The Marine Corps emphasizes expeditionary capability — systems light enough to come off landing craft and operate in austere conditions without established infrastructure.

Dismounted Systems

At the smallest scale, individual soldiers and Marines carry handheld C-UAS systems:

  • DroneDefender: A rifle-shaped RF jammer that disrupts drone control and GPS signals at close range
  • Dronebuster: A compact handheld jammer with selectable frequency bands
  • Smart Shooter SMASH: An optics system that mounts on standard rifles, using AI to calculate precise aim points against small drone targets

These systems give squad-level forces organic counter-drone capability without adding significant weight or requiring specialized operators. They are limited in range and capability but provide a critical last line of defense.

The Tactical Reality

Mobile C-UAS changes how maneuver forces think about air defense:

It is no longer a separate echelon.
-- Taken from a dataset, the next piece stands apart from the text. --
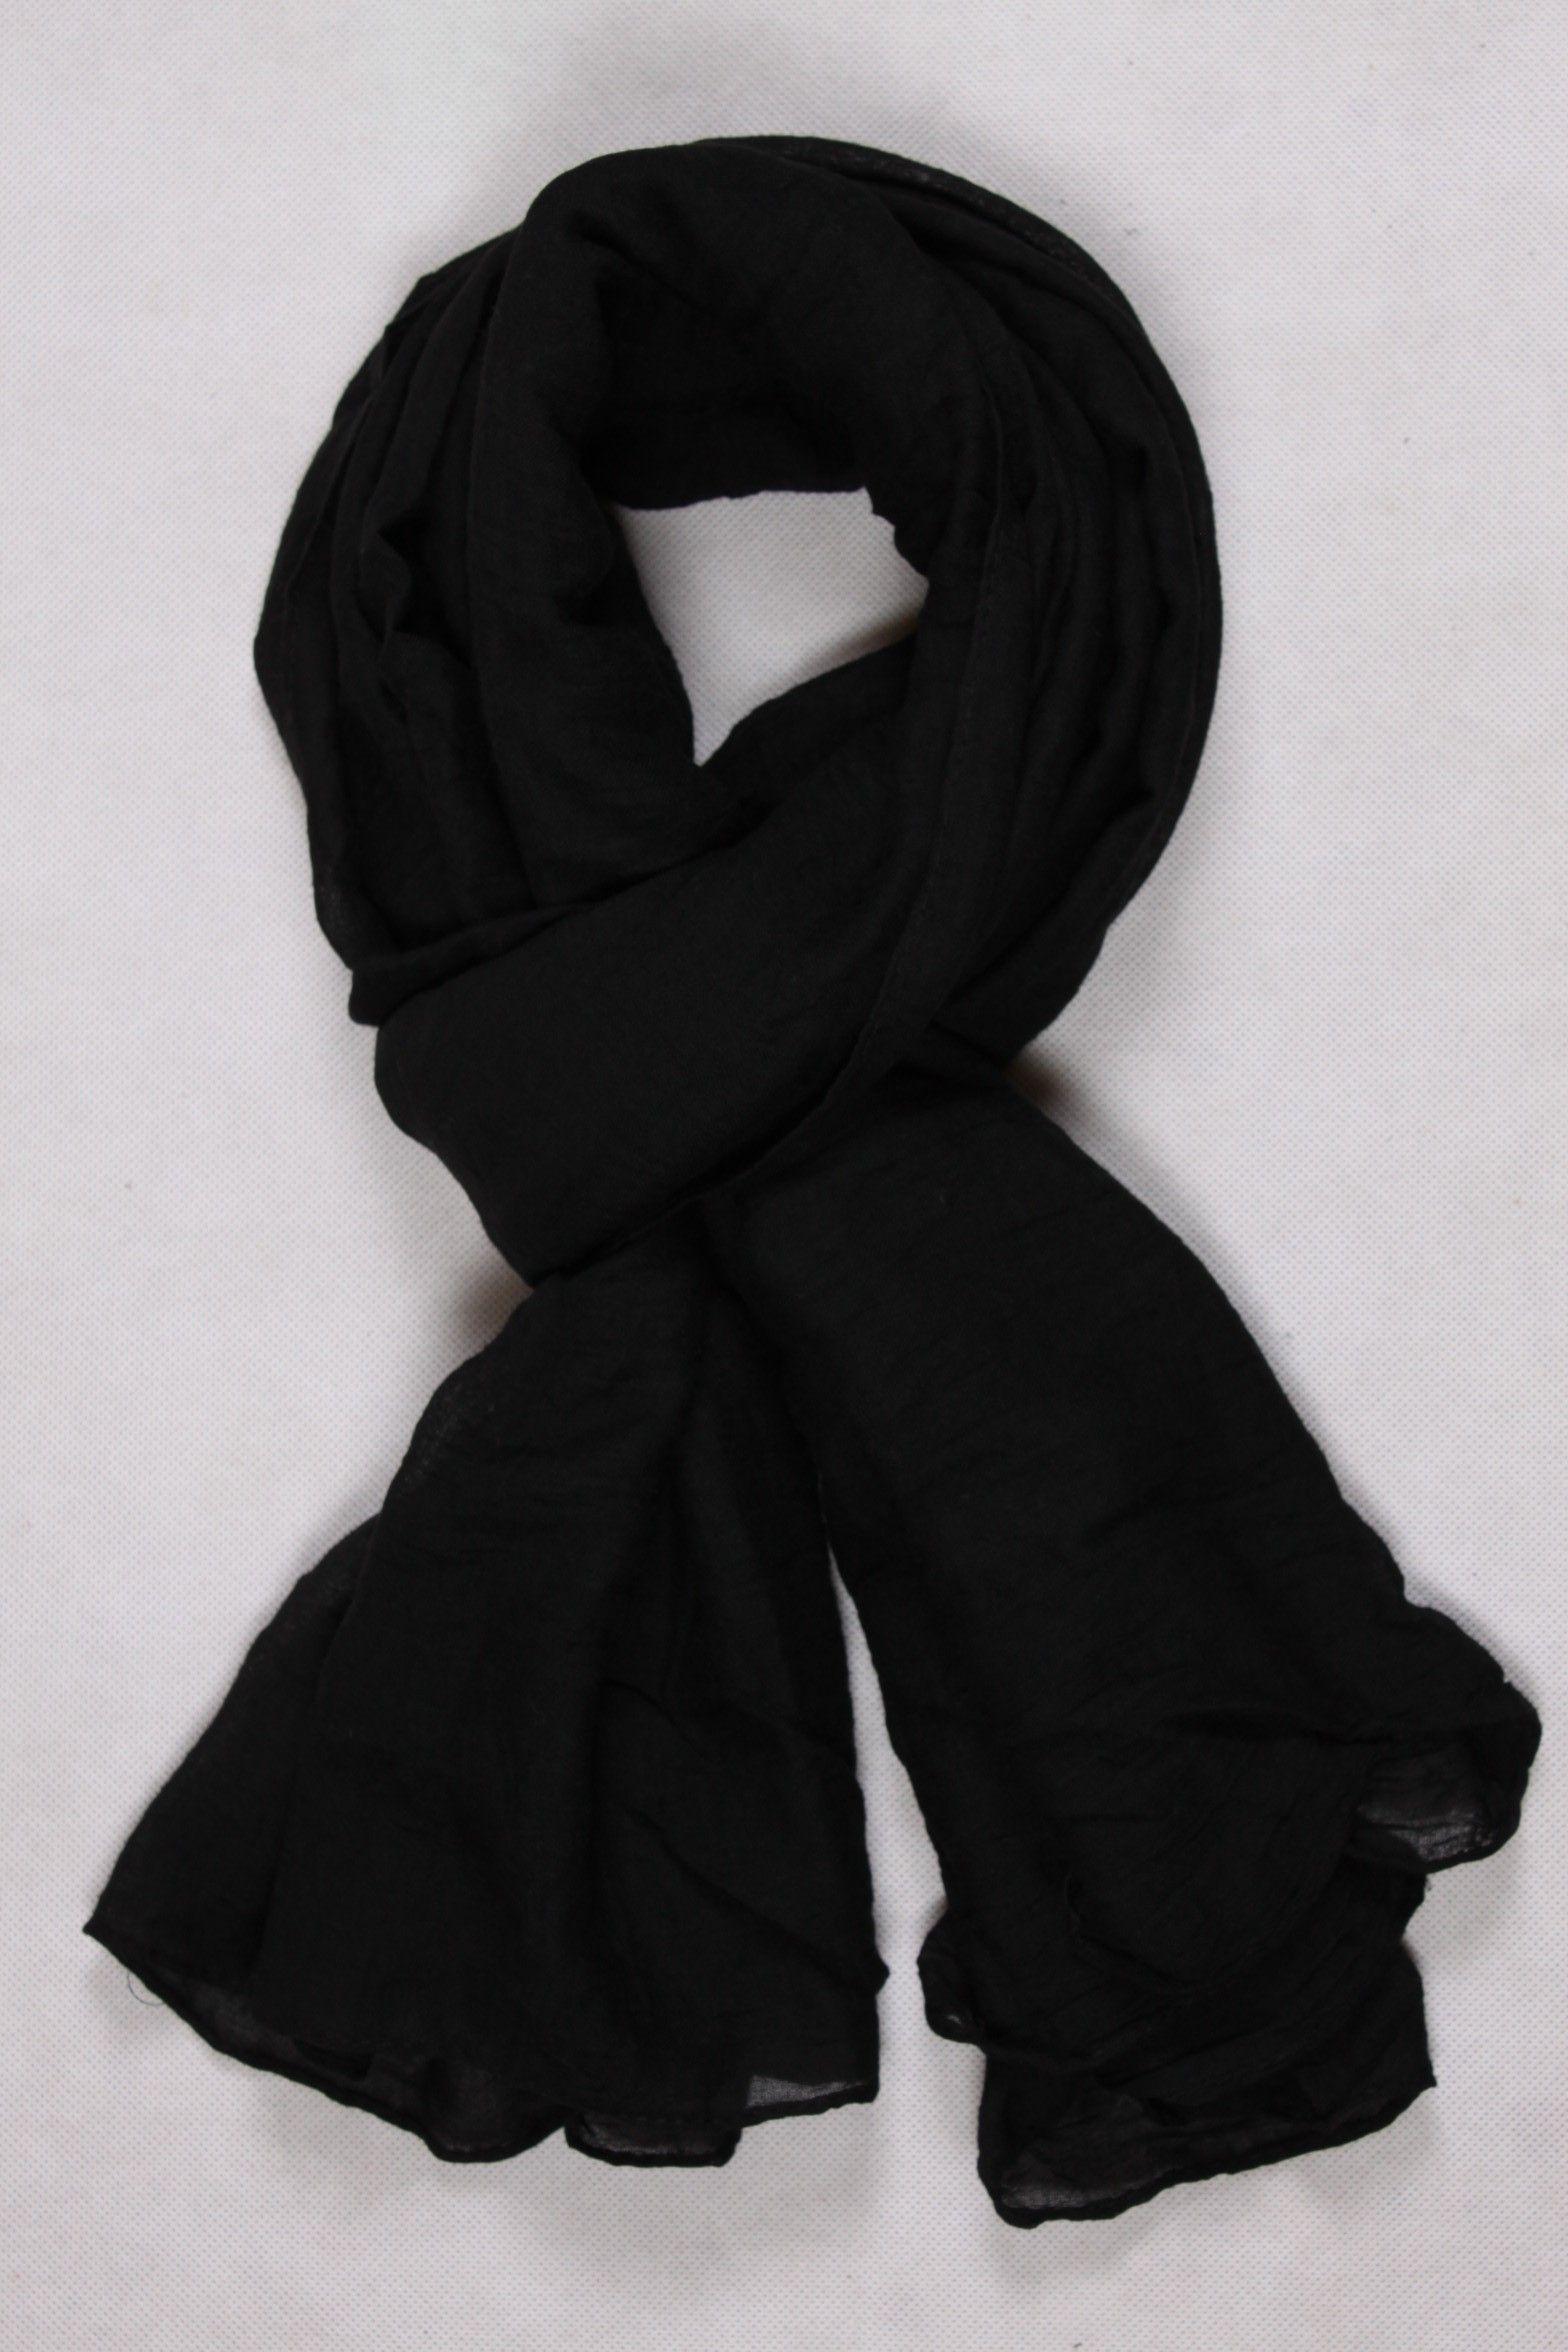 Chèche uni noir   Chèche Femme   Pinterest   Noir, Femme et Cheche femme cdd690d2353

When every Stryker company has organic M-SHORAD, counter-drone becomes a company-level task rather than something coordinated at brigade or division. This speeds response time but requires every maneuver leader to understand C-UAS employment.

Coverage is never complete. A few M-SHORAD vehicles cannot provide umbrella coverage for an entire brigade. Mobile C-UAS provides point defense for key assets rather than area defense. Commanders must decide what to protect and accept risk elsewhere.

The cost equation shifts. Every Stinger missile fired at a $500 drone is a loss for the defense. Mobile C-UAS relies increasingly on guns and electronic warfare because they offer better cost-exchange ratios. Directed energy weapons are the next frontier — providing unlimited magazine depth at near-zero marginal cost per engagement.

Future Direction

The mobile C-UAS problem is evolving rapidly:

  • Directed energy integration: The Army DE-MSHORAD prototype puts a 50kW laser on a Stryker, providing silent, invisible, cost-free engagements
  • Autonomous C-UAS vehicles: Unmanned ground vehicles carrying C-UAS sensors could provide distributed detection without risking crews
  • Networked fires: Mobile sensors cueing effectors on other platforms across the formation — your radar finds it, someone else gun kills it
  • AI-assisted target recognition: Reducing operator workload by automating the detect-track-identify portion of the kill chain

Mobile C-UAS is the hardest variant of the counter-drone problem, but it is also the most necessary — because the fight does not stay at the air base.

Key Features

  • Vehicle-mounted or man-portable
  • On-the-move capability
  • Integrated sensors and effectors
  • Organic to maneuver units

Advantages

  • Protects forces where fixed systems cannot reach
  • Reduces dependence on base defense laydown
  • Operates at the tactical edge
  • Organic capability — no coordination delays

Limitations

  • Power and weight constraints limit capability
  • On-the-move tracking is harder than static
  • Crew training burden on already-loaded units
  • Limited magazine depth for kinetic effectors

Real World Application

M-SHORAD Strykers are deployed with U.S. Army units in Europe, providing mobile counter-drone and short-range air defense for maneuver brigades. The Marine Corps MadIS has been deployed on JLTVs with Marine Expeditionary Units, while dismounted DroneDefender and Dronebuster systems are carried at the squad level in multiple theaters.